Other predators of Stegodyphus dumicola include several other spider species (Clubionidae, Gnaphosidae, Nephila senegalensis, Salticidae, Heteropodidae, Thomisidae). Most araneophagous spiders will enter the nests; however, Nephila senegalensis would capture spiders by building a web onto the S. dumicola’s nest and hunting spiders that entered its web. There is little evidence to suggest the spiders fight back against these other spiders. S. dumicola was found to have a passive relationship with Clubionidae, Thomisidae, and Salticidae, attracted to Nephila senegalensis, and completely defenseless to Heteropodidae and Gnaphosidae . Solitary spiders were found to be captured by other spiders at a higher frequency compared to social variants.

===Diseases===
The Stegodyphus dumicola commonly falls to widespread fungal infection.
Larger, spongey nests are susceptible to fungus propagation because they tend to allow for a moist environment.
If the nest is able to dry in the sunlight, fungal growth will cease.
However, if the nest remains moist for one to two days, fungal infection can decimate the nest.

==Physiology==
===Locomotion===
====Ballooning====
Sexually mature female Stegodyphus dumicola have been witnessed to balloon as a method of dispersion to reproduce.
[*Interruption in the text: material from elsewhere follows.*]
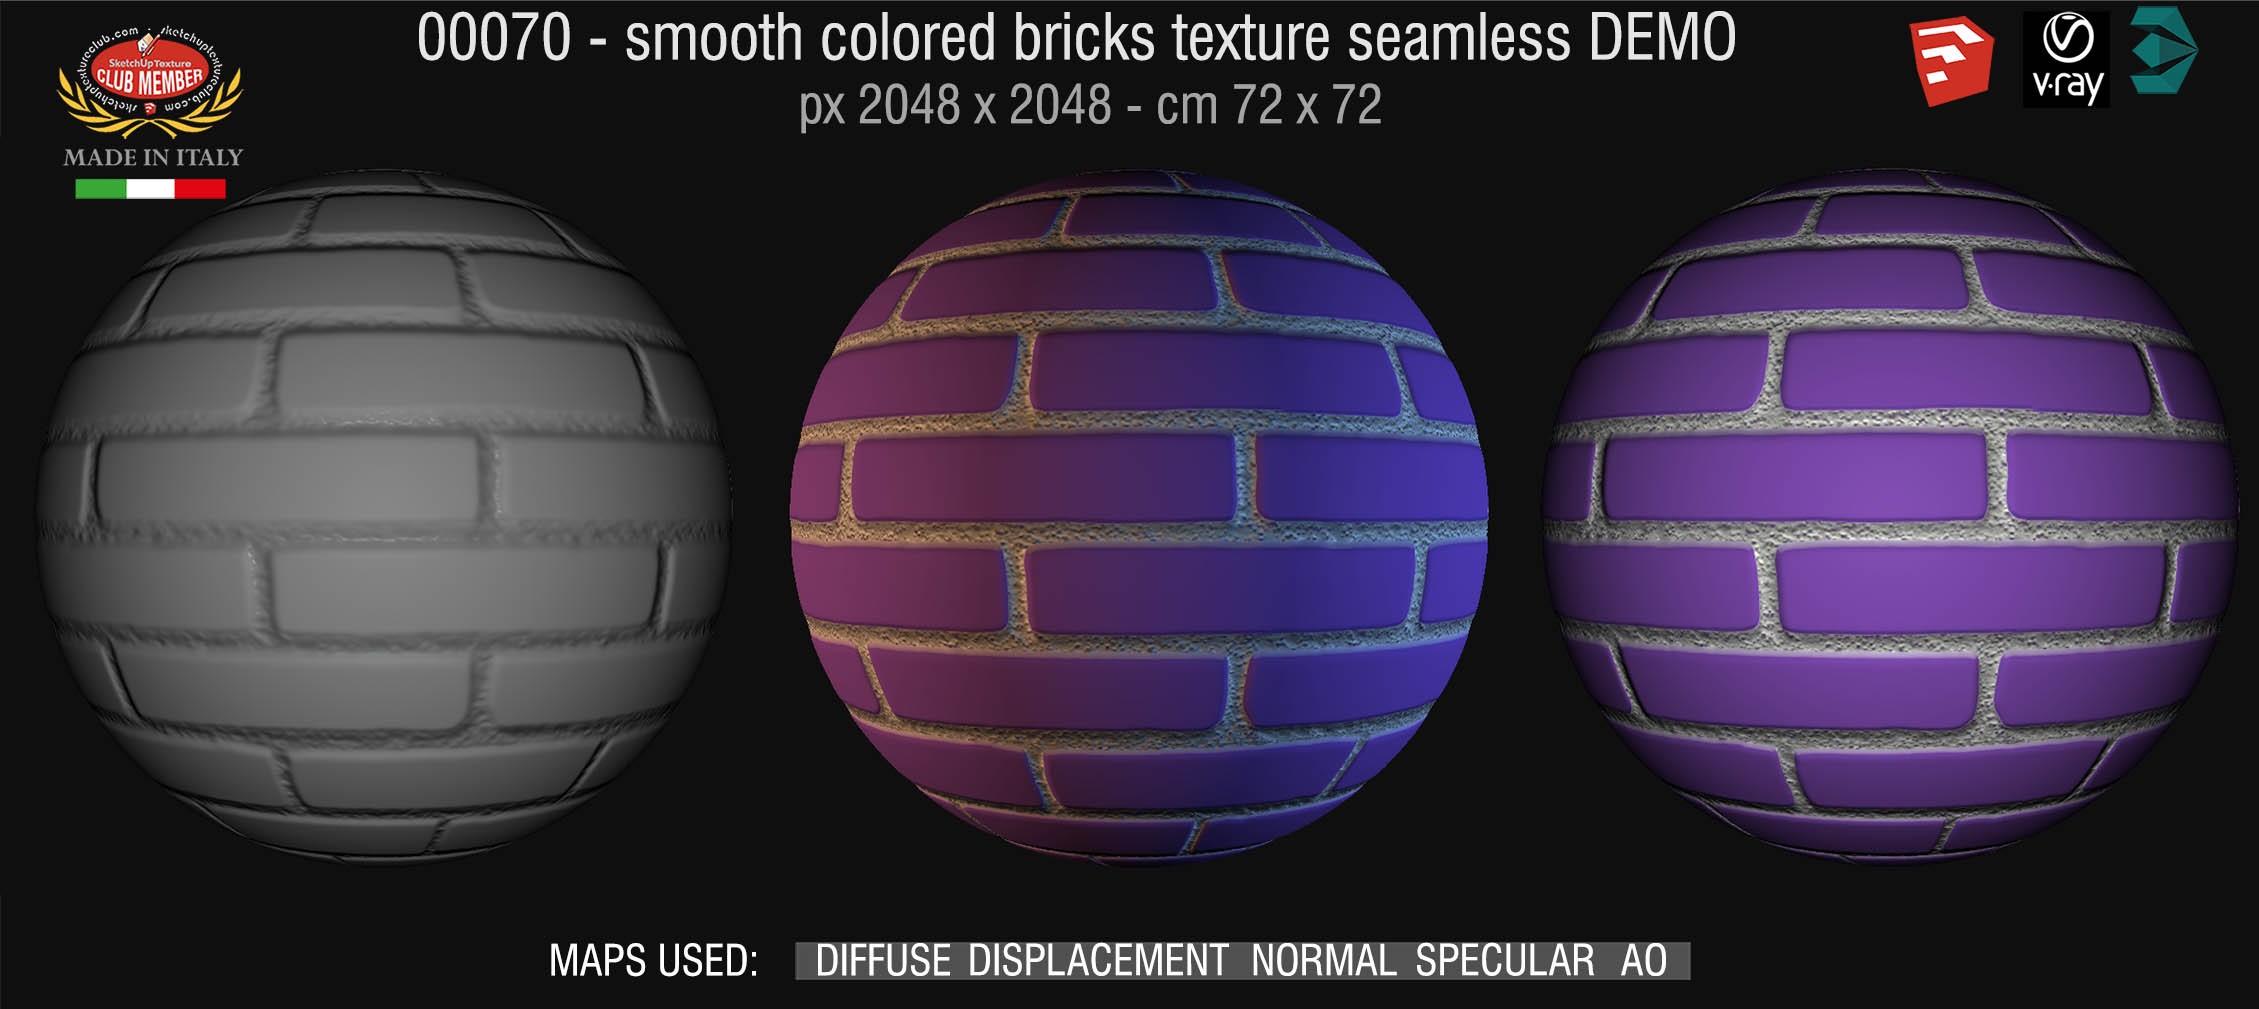 00070 smooth colored bricks texture seamless + maps DEMO

Females will eject from ten to hundreds of strings in a triangle shape (approximately one meter large, length and width) to gain liftoff. Males have not been observed to display this behavior.

==Conservation==
Stegodyphus dumicola is listed as Least Concern by the South African National Biodiversity Institute due to its wide geographical range. It faces no significant threats.